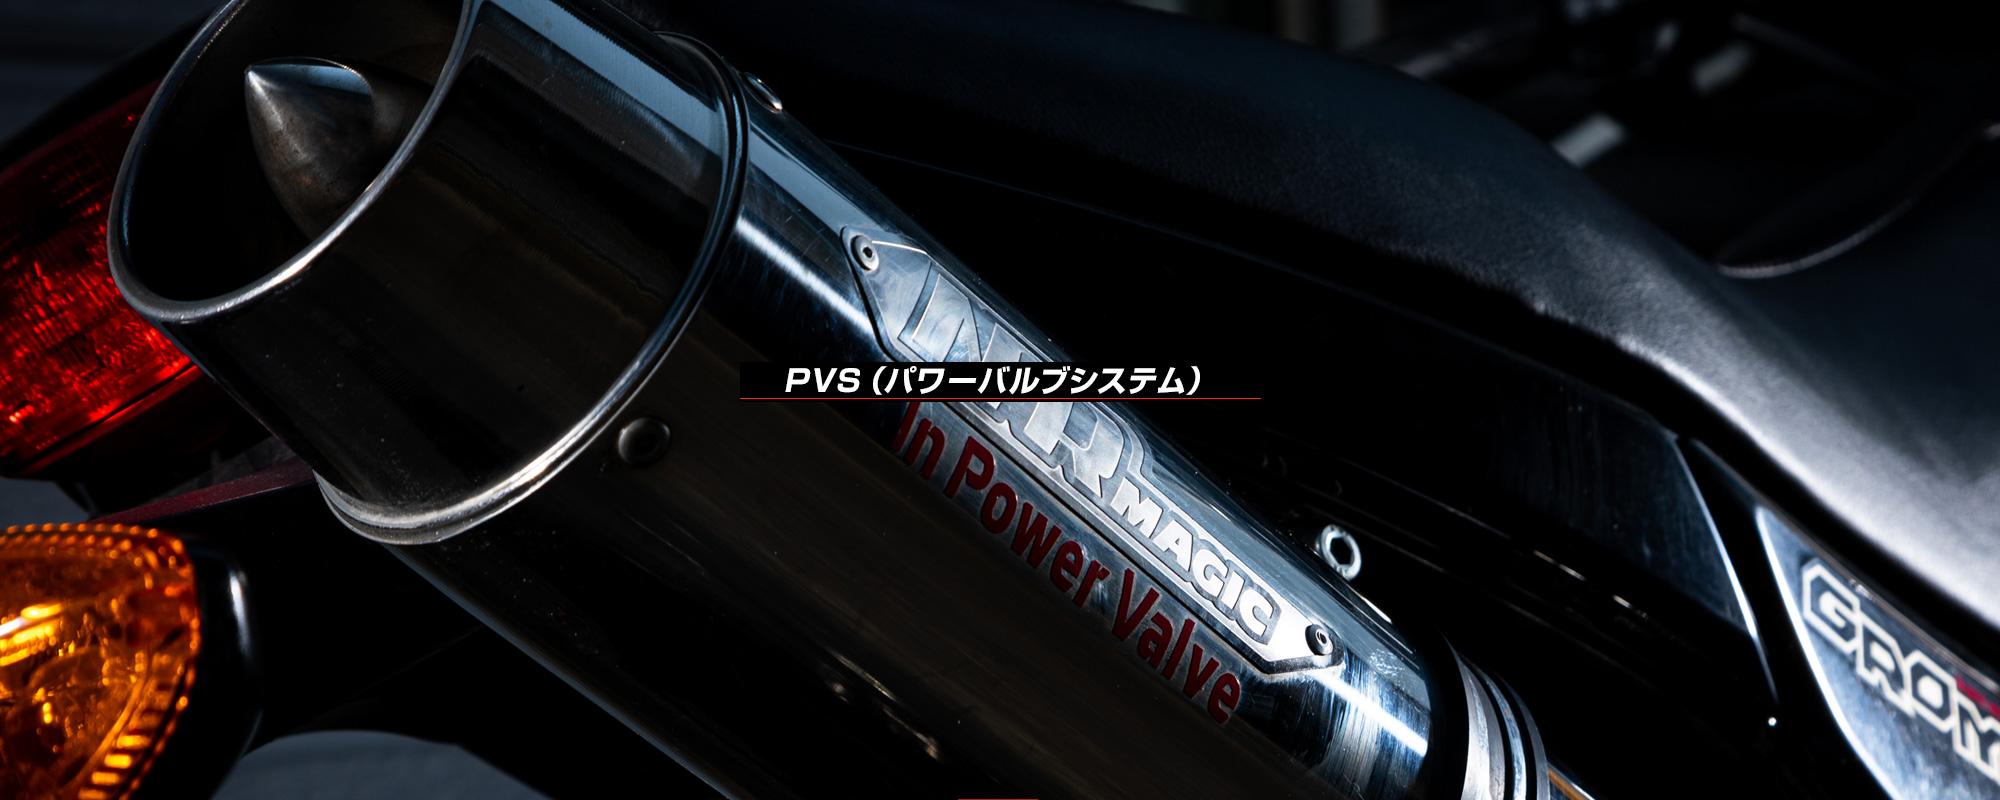 PVS(パワーバルブシステム)
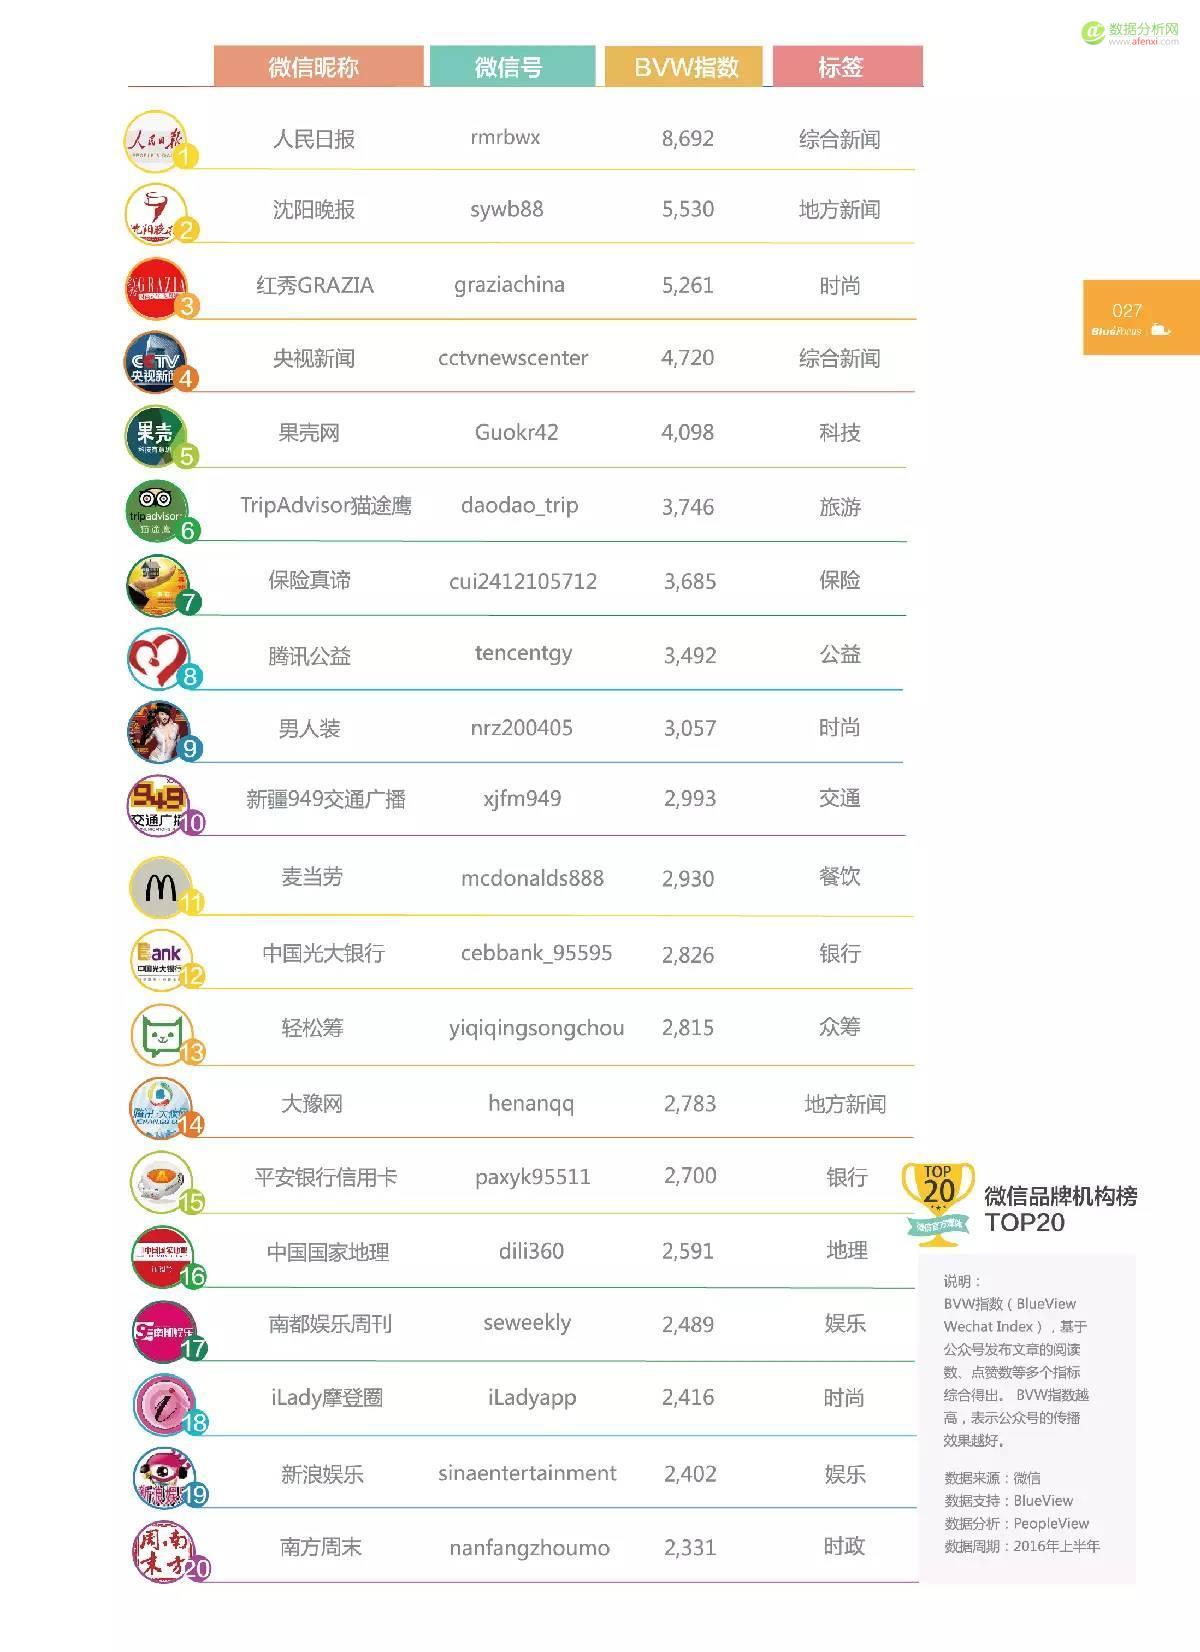 里约奥运会将近,如何靠数据做好社会化营销?
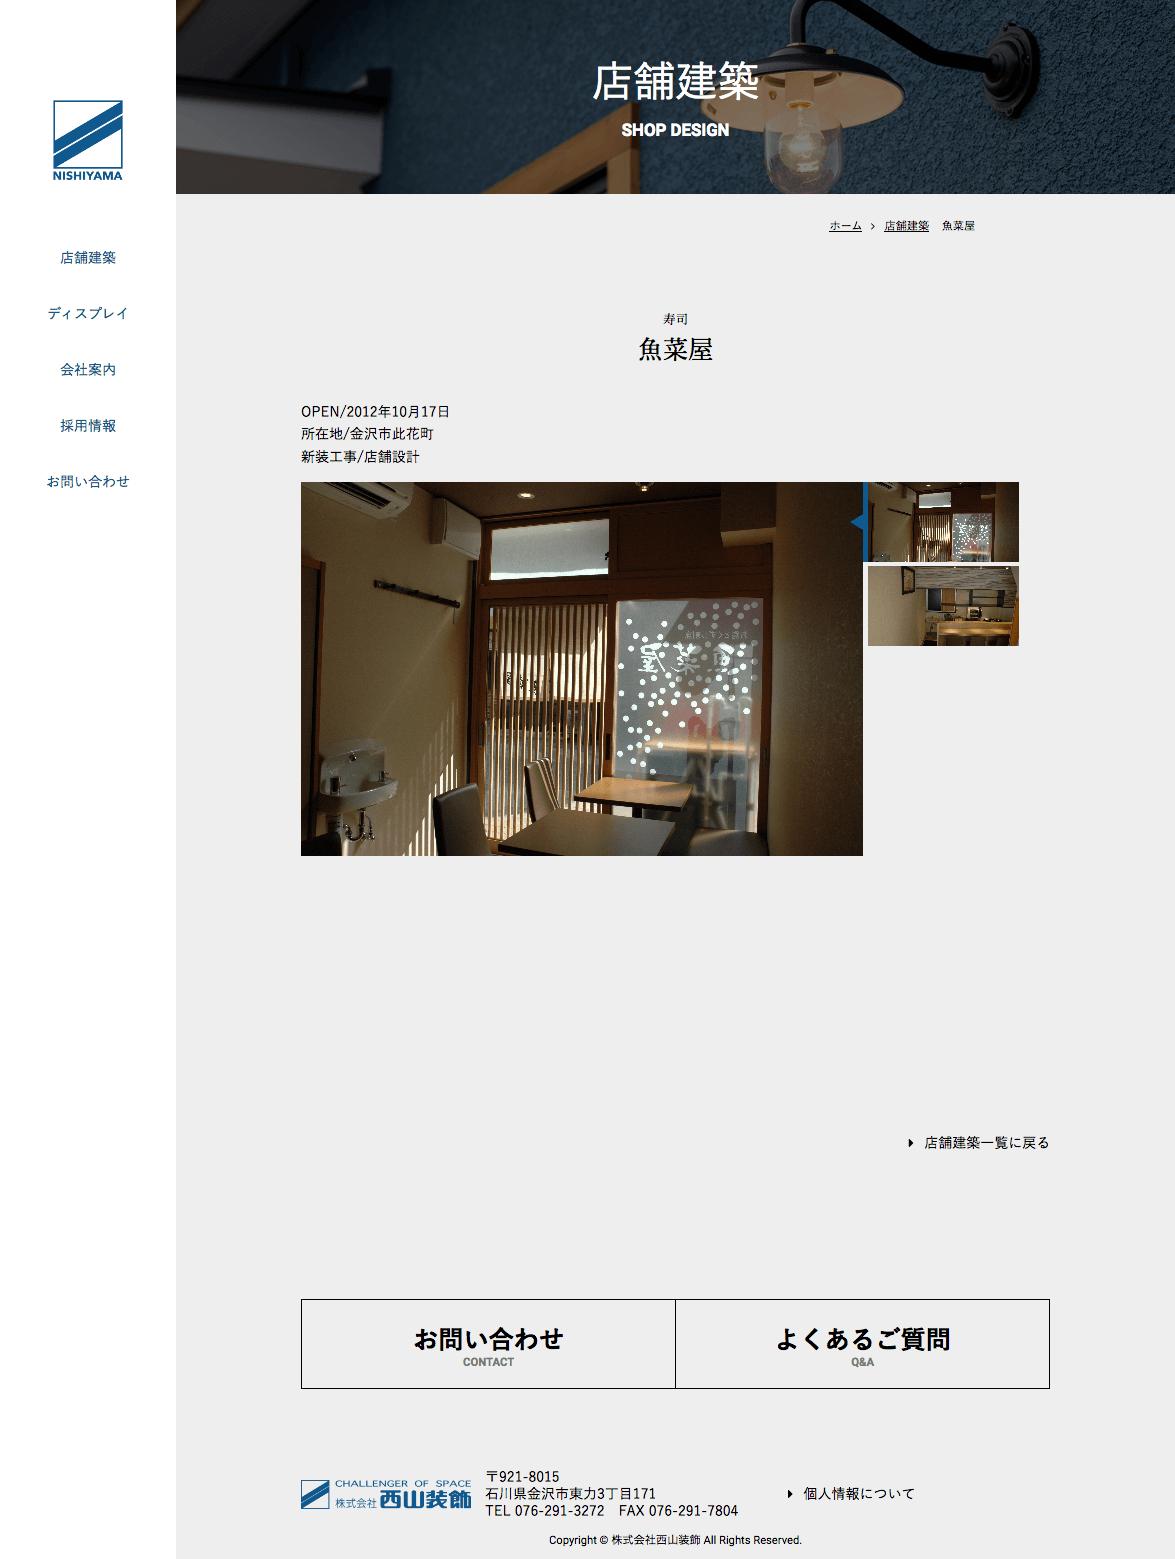 株式会社西山装飾
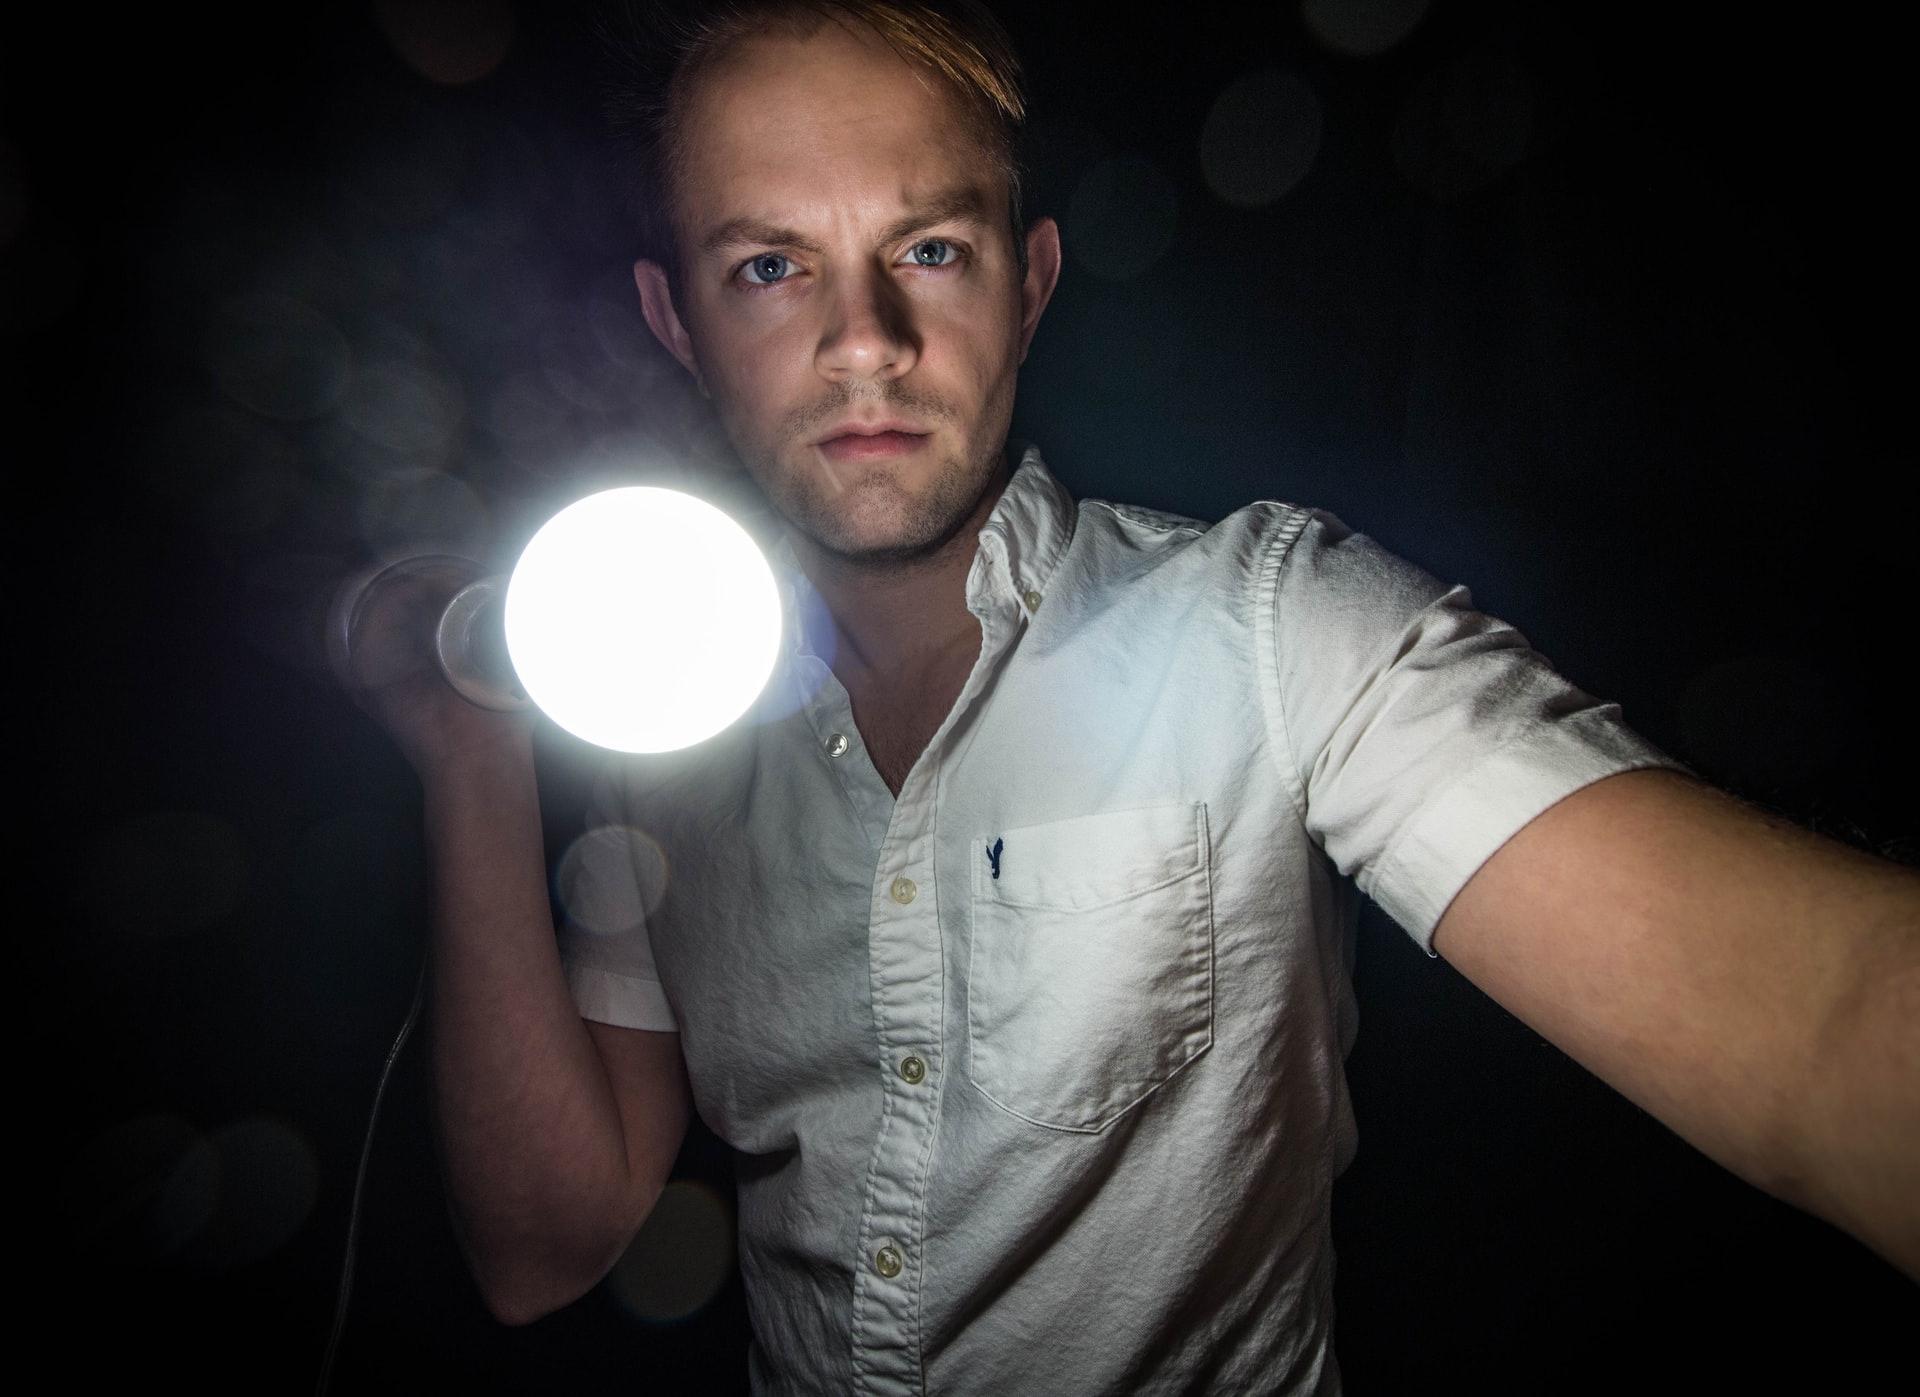 懐中電灯の持ち方を海外ドラマ風にするととても合理的です
******
Copy exactly the lines running from the line with "里约奥运会将近,如何靠数据做好社会化营销?" to the final line of the listing, keeping both ends and dropping any picture.

Solution for this exercise:
 里约奥运会将近,如何靠数据做好社会化营销?
 株式会社西山装飾
 懐中電灯の持ち方を海外ドラマ風にするととても合理的です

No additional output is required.